All stranded wire is not made up of the same gauge of individual strands. You may have experience with a fine wire like welding cable is made of. These small strands are in the direct burial low voltage lighting wire sold at box stores. Standard building wire is made of fewer larger strands. It is hard to say how difficult this instillation may be without getting started. I am speaking from 35 years installing 100's of thousands of feet of wire in underground conduit.


----------



## Greg Elmassian (Jan 3, 2008)

I'm talking the same stranded 10 gauge stuff as you are... the standard building wire. The finer landscape wiring is even more susceptible. I do understand. 

The problem I'm talking about is corrosion where the wire comes out and connects. 

I hear your 35 years of experience running wires in conduits, but how many of those installations had a bare wire coming out and connecting to a metal rail outside, unprotected? 

I'm just trying to give really safe advice, some people will have no problems, others will have the strands corrode away very easily. (like what happened to me) 

I really need to replace all my wire. 

Again, what's a few more grunts in pulling vs. a nice solid chunk of copper that will connect and conduct better? 

If the only argument for stranded is that it will pull easier, we should ask the OP how many bends there are in the conduit run? If it's one or two, then it's a moot point. 
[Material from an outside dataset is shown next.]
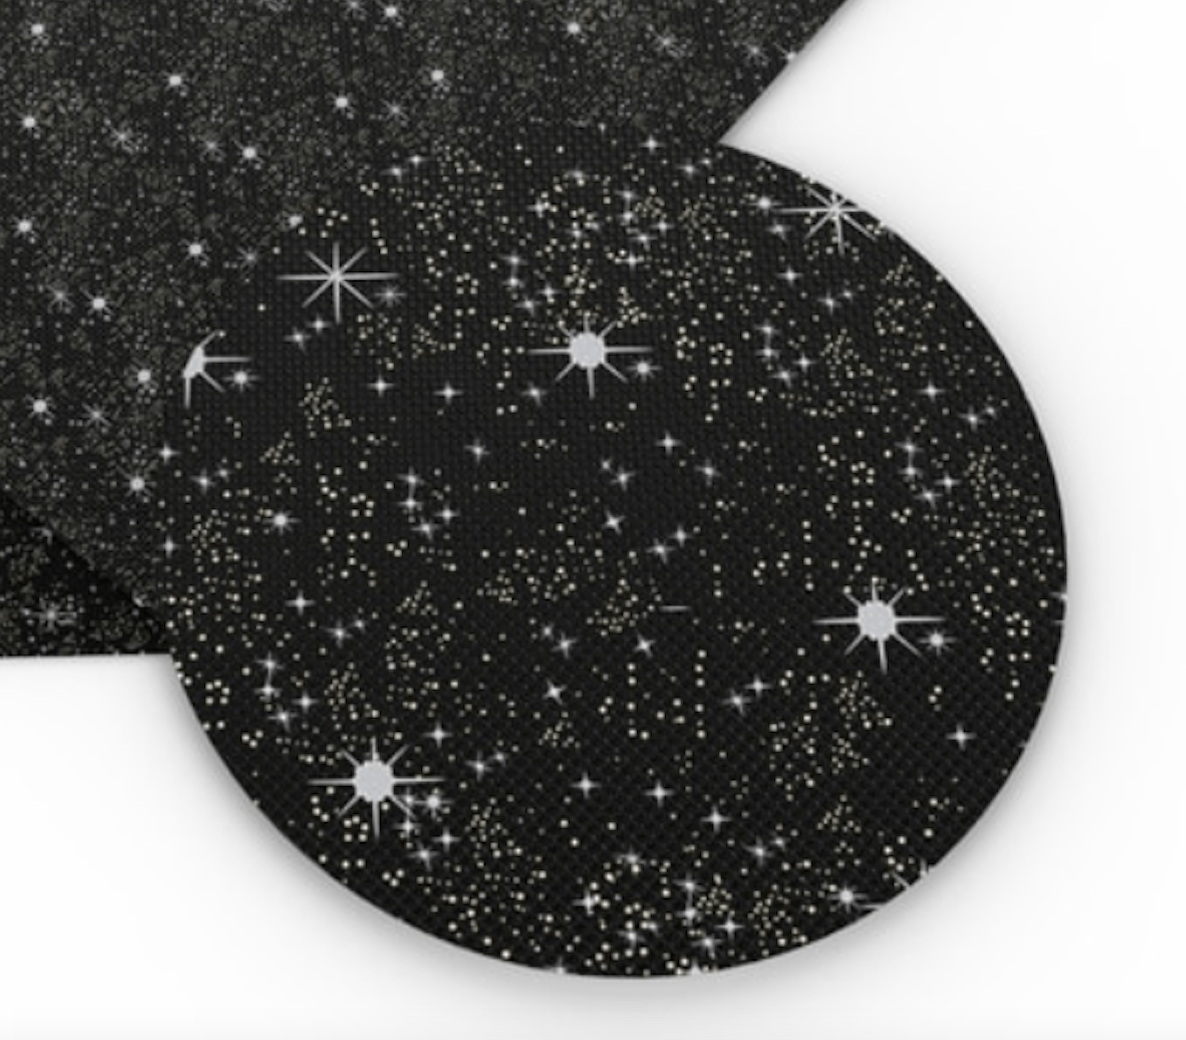 Leatherette Basics 20*33cm Starry Night Sky Black and White Printed Long Leatherette Sheet, Basics
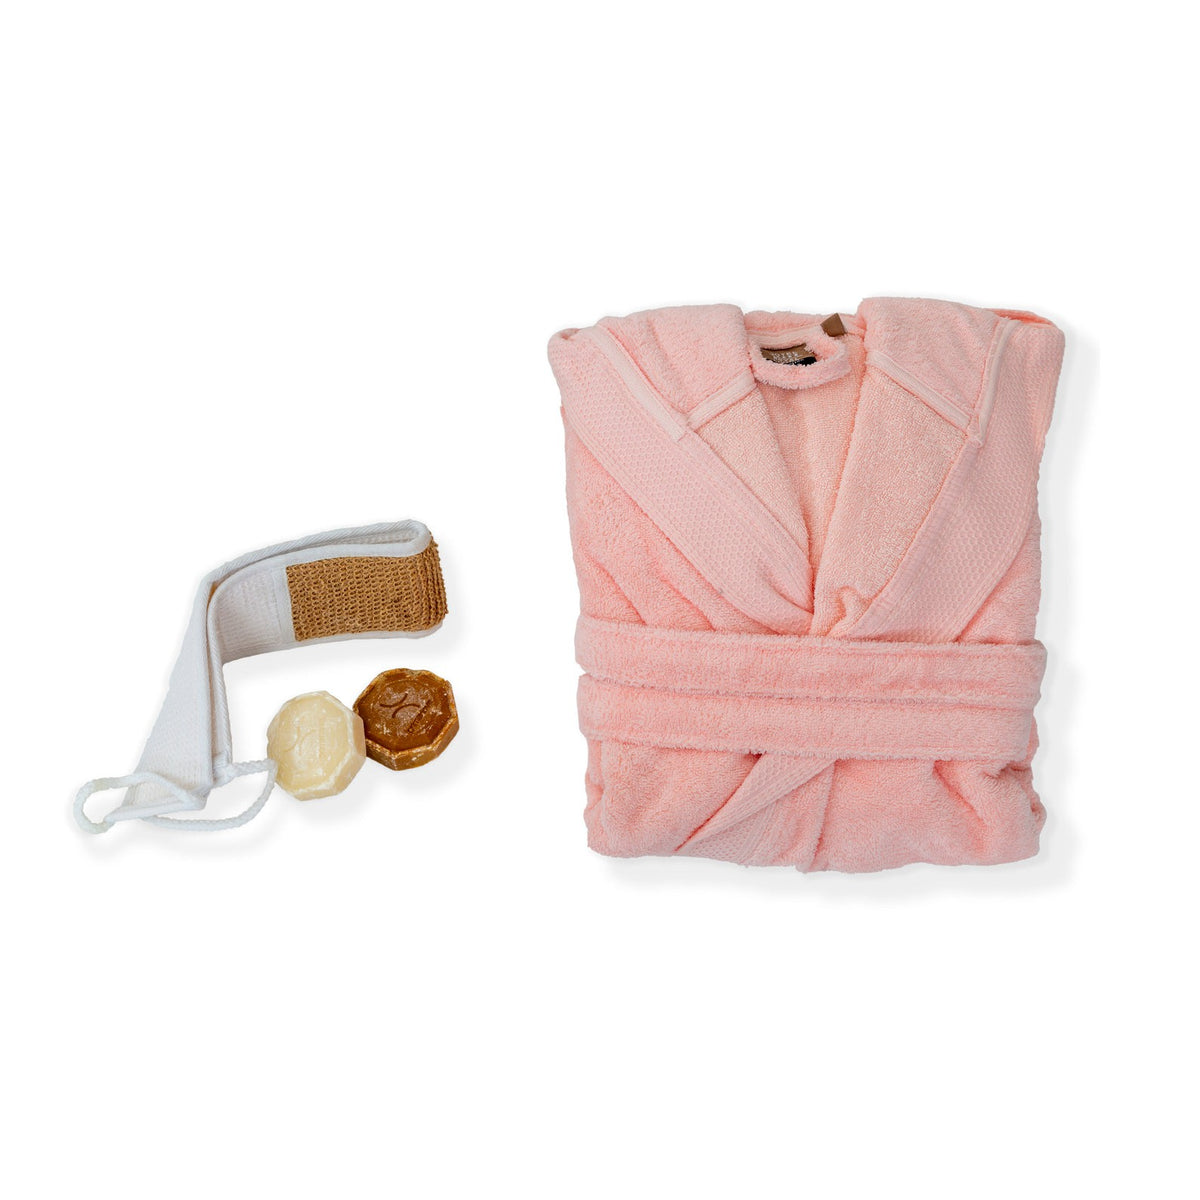 HOTEL ROYAL LIVING Microvelour Bath Robe & Slippers Gift Box

Is that a fair assessment? 

Greg


----------



## Treeman (Jan 6, 2008)

Sounds good. 

I do run track power.

Used all #14 stranded, short runs. Only been out 6 years. No corrosion.

If I thought it would be a difficult pull I wouldn't have a problem running parallel 14's. You would argue more chance of problems. Probably correct. With power wiring small conductors not permitted.


----------



## Greg Elmassian (Jan 3, 2008)

We have high mineral content in the water in San Diego. I also run constant track power at 24 volts. I'm one mile from the ocean. 

So probably worst case. You probably live where the water is pure, no salt in the air, and not constant track voltage and not 24 volts. 

But, when I give advice, especially to a beginner, I try to give the highest chance of success, and least problems to a beginner. 

I also have the opinion that overbuilding the foundation of your layout a bit is good insurance. Heavier gauge wire, more feeders, etc. 

Again, a personal opinion, but I believe that we want to do all we can to guarantee the initial experience is good... so many people get disappointed early and give up. 

Sorry for the personal diatribe. 

greg


----------



## East Broad Top (Dec 29, 2007)

Greg, I'm confused... You're making the argument that solid wire is superior to stranded, and will give long, more reliable service. Then you say you have to replace all your wires. Can you clarify? 

Later, 

K


----------



## Greg Elmassian (Jan 3, 2008)

Because I used stranded at first, and all the downsides are what I have experienced. 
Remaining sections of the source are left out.